• **Provided material**
────────────────────
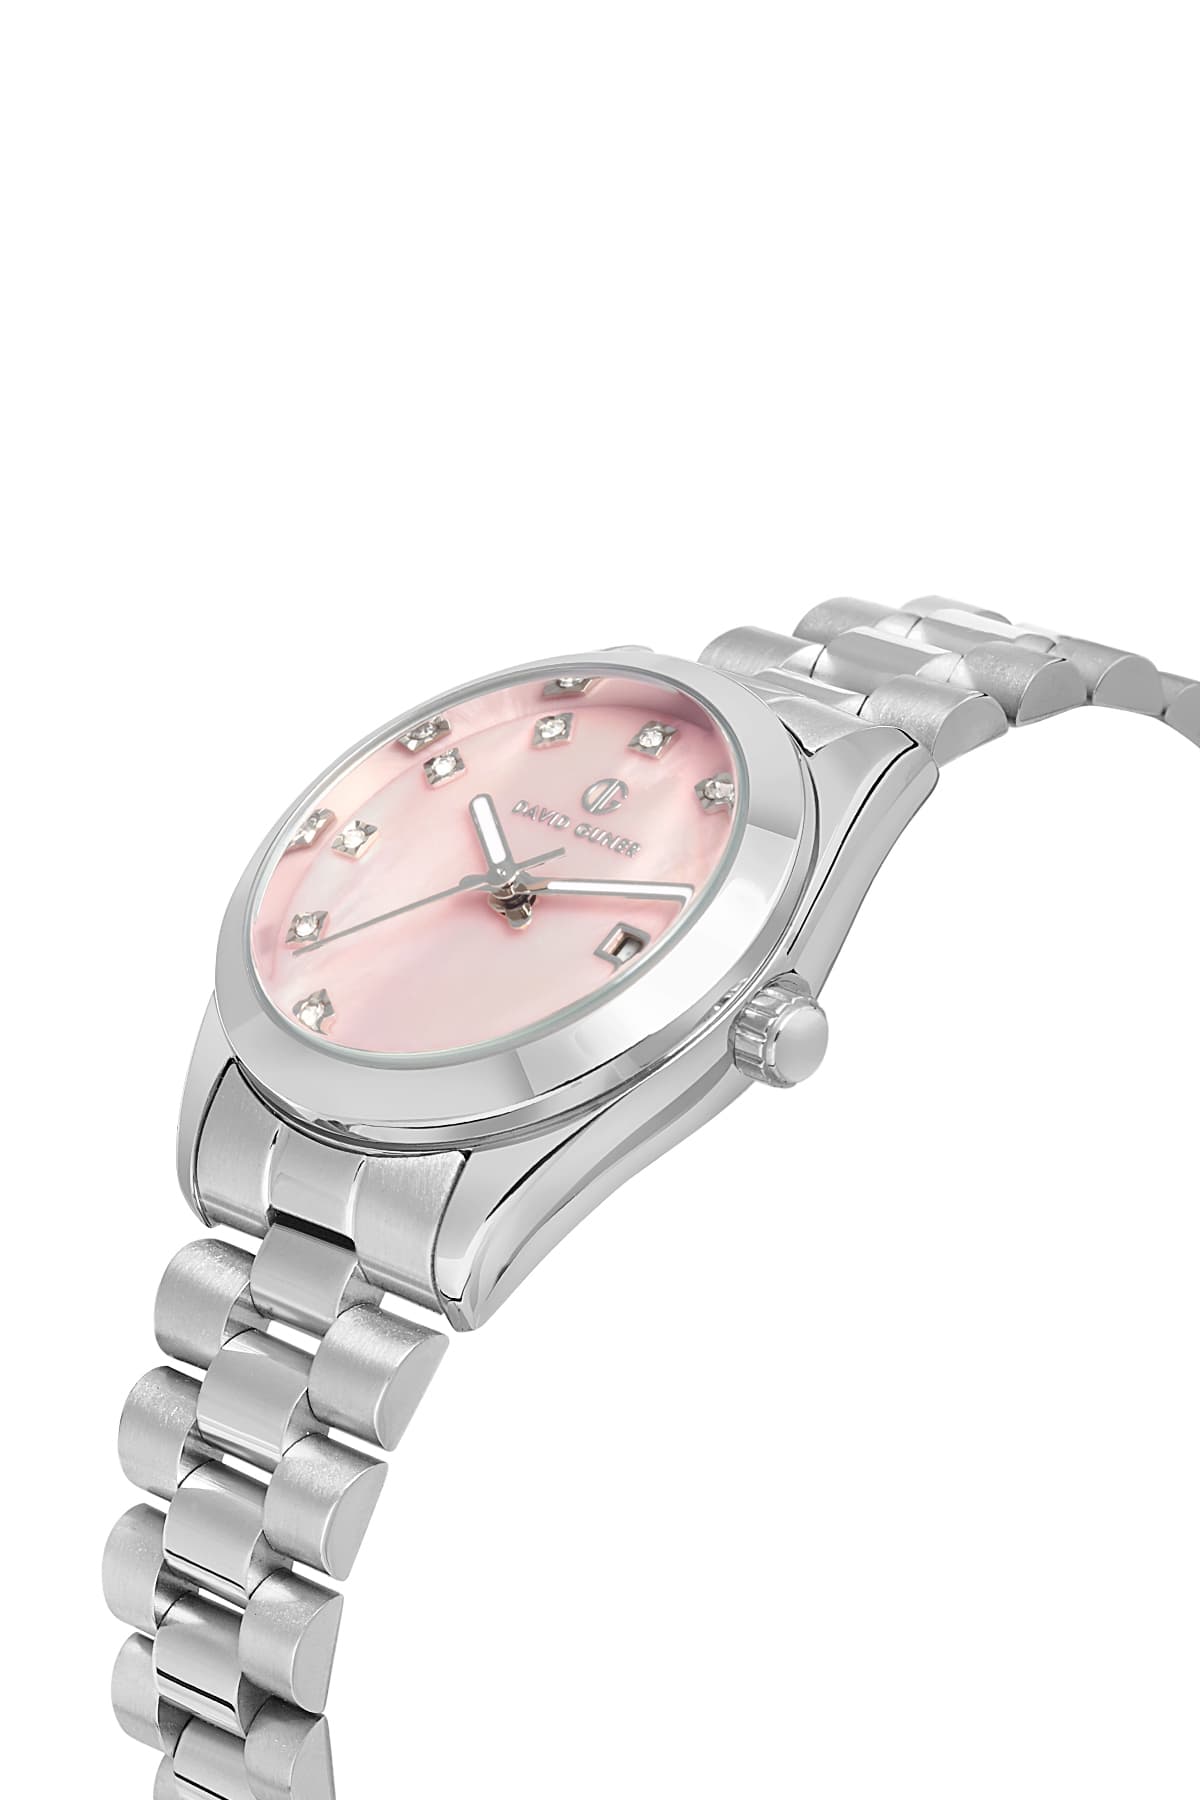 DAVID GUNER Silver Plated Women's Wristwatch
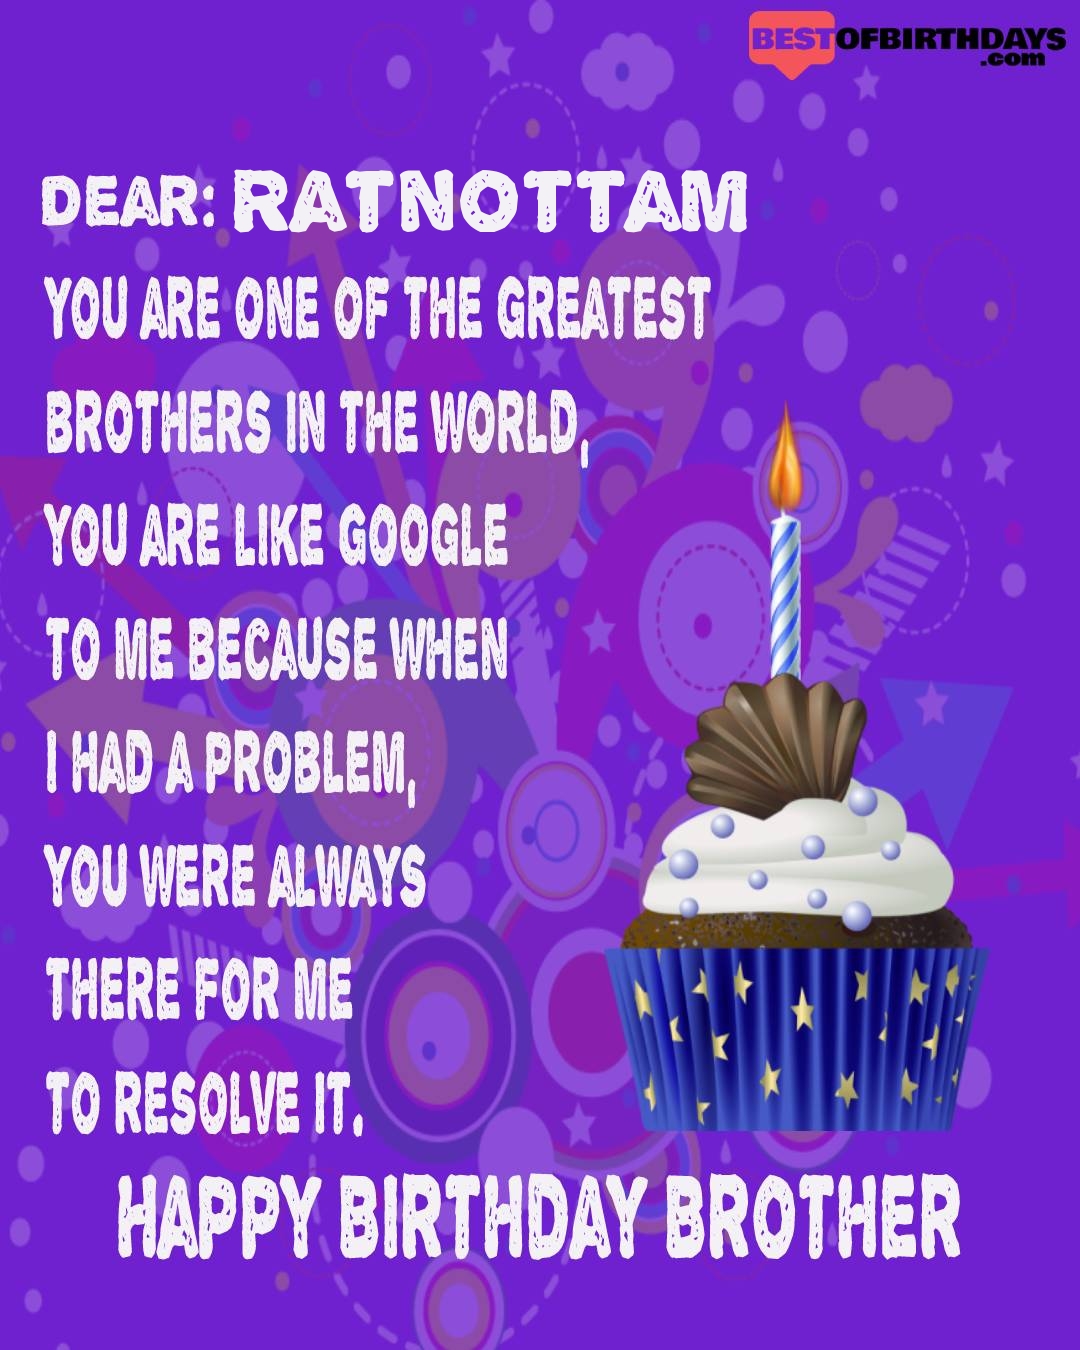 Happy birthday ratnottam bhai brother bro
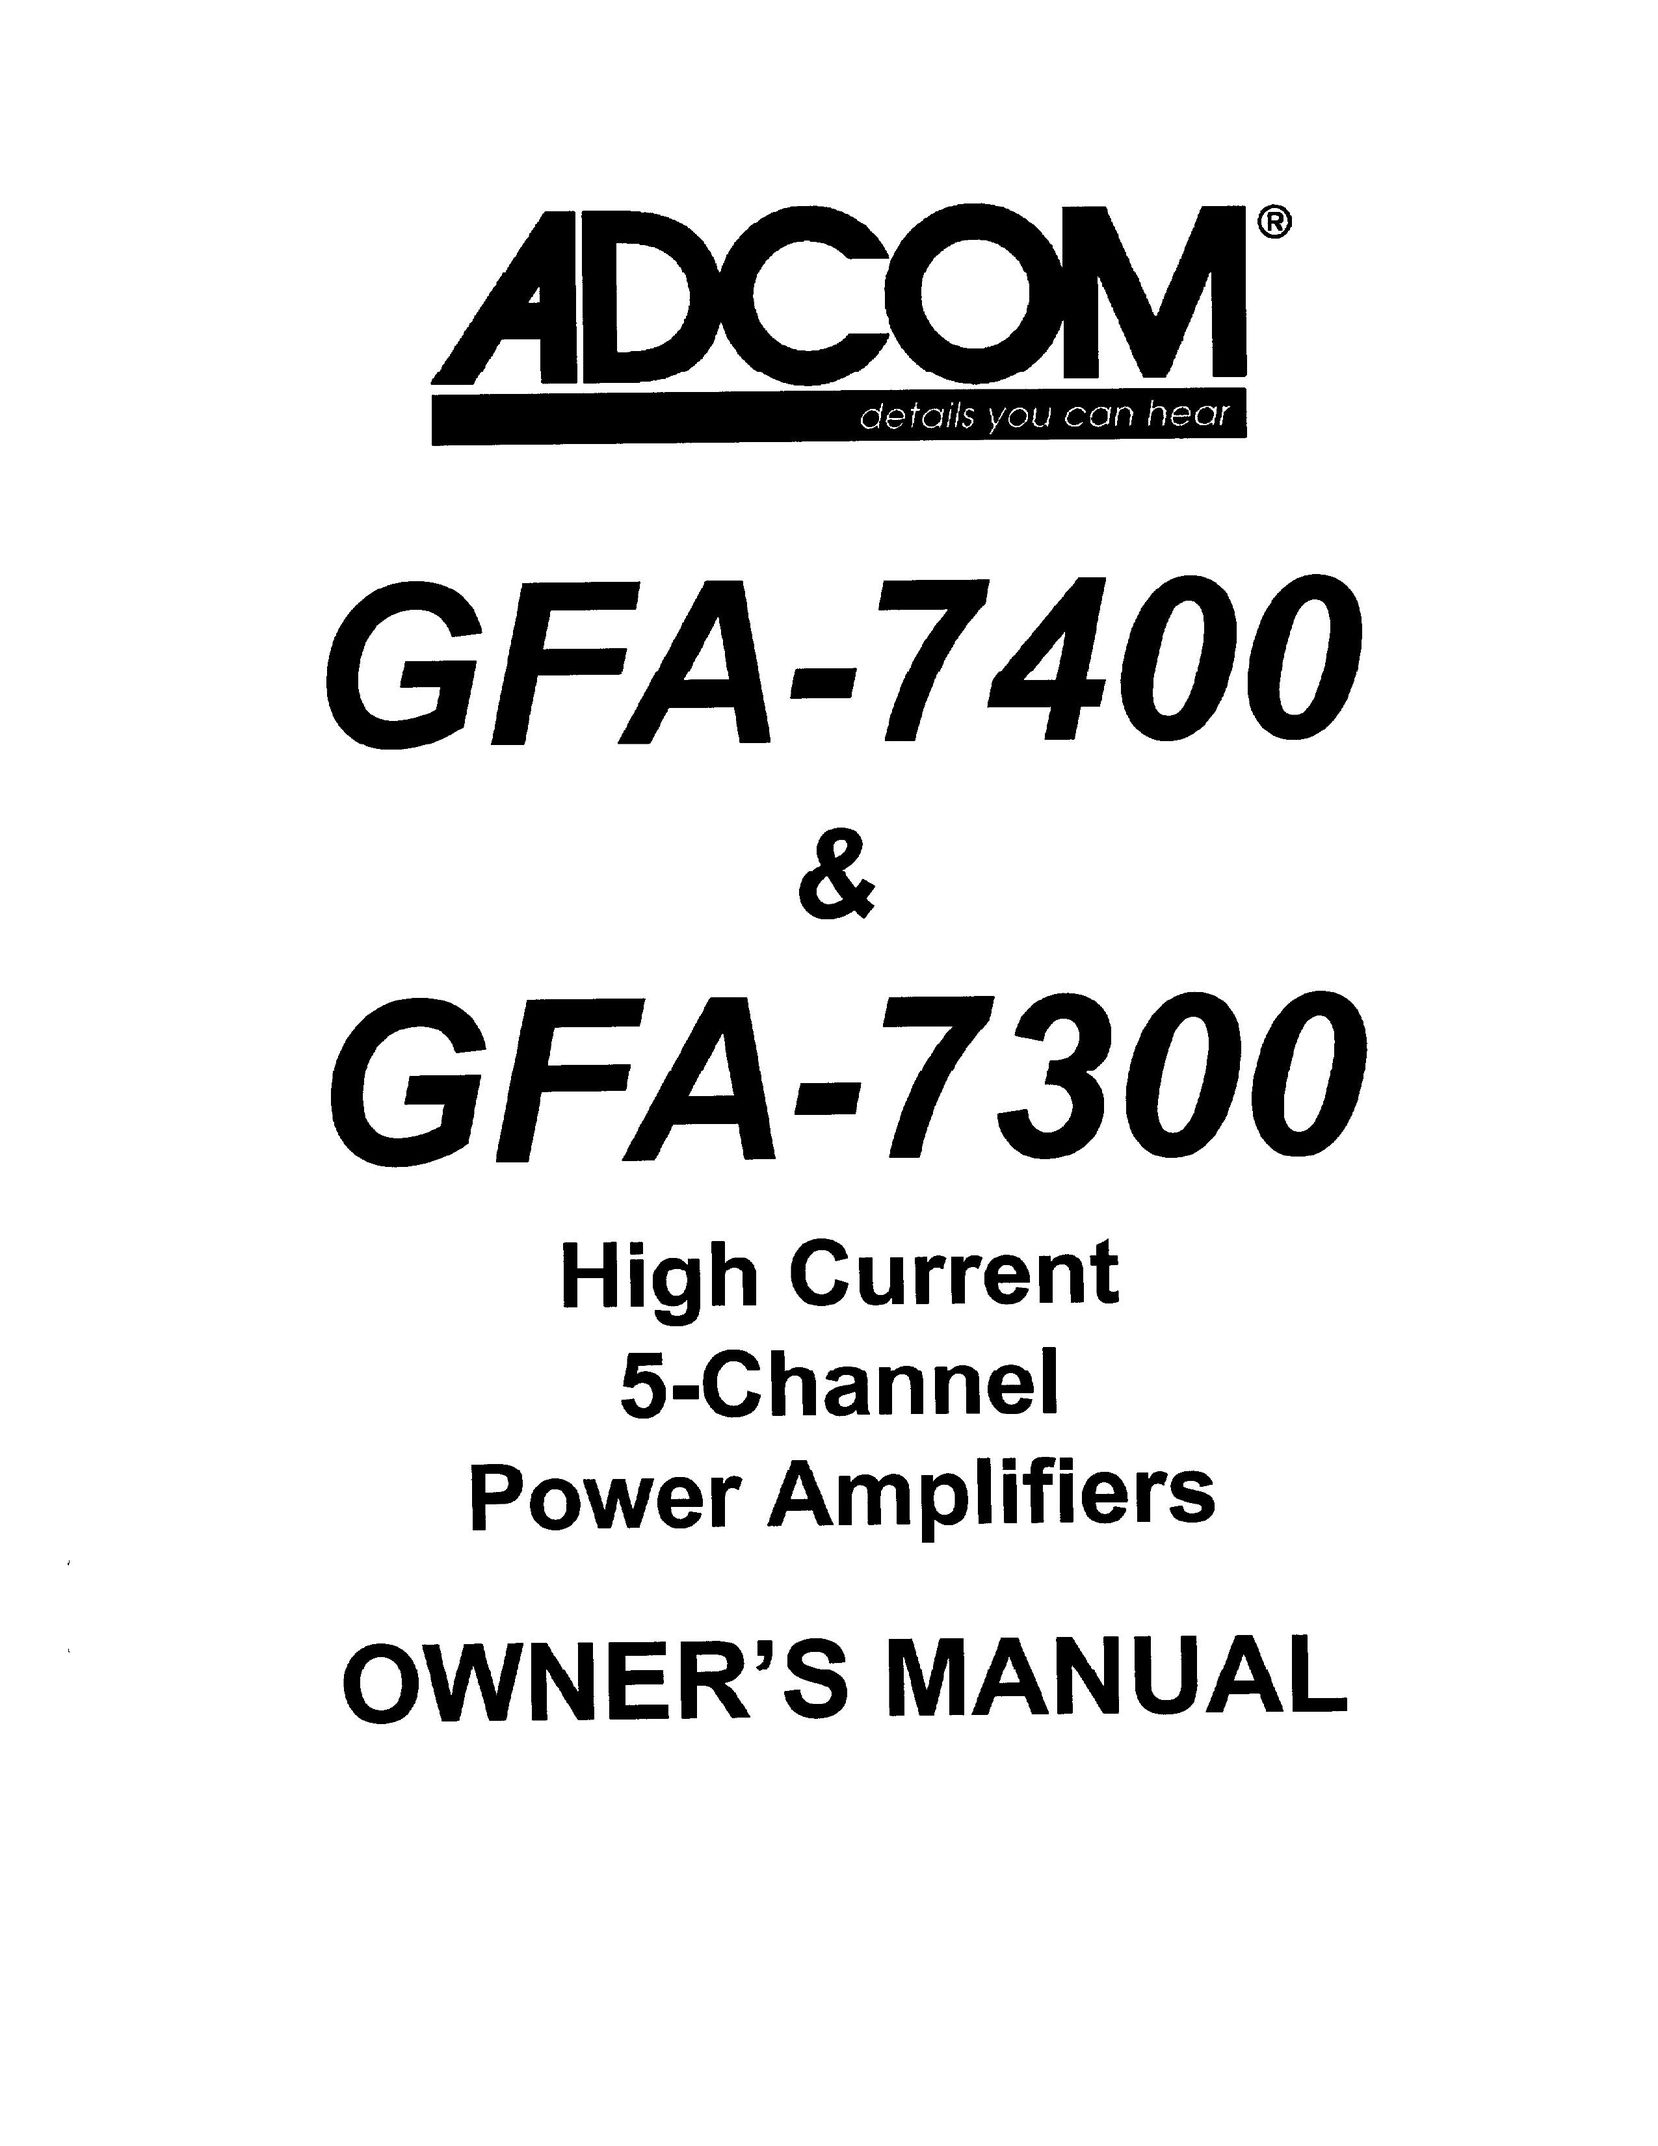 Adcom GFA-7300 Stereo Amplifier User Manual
────────────────────
• **Your goal**
Leave the pictures out and restate the listing word for word.

• **Answer for this exercise**
 DAVID GUNER Silver Plated Women's Wristwatch
 Happy birthday ratnottam bhai brother bro
 Adcom GFA-7300 Stereo Amplifier User Manual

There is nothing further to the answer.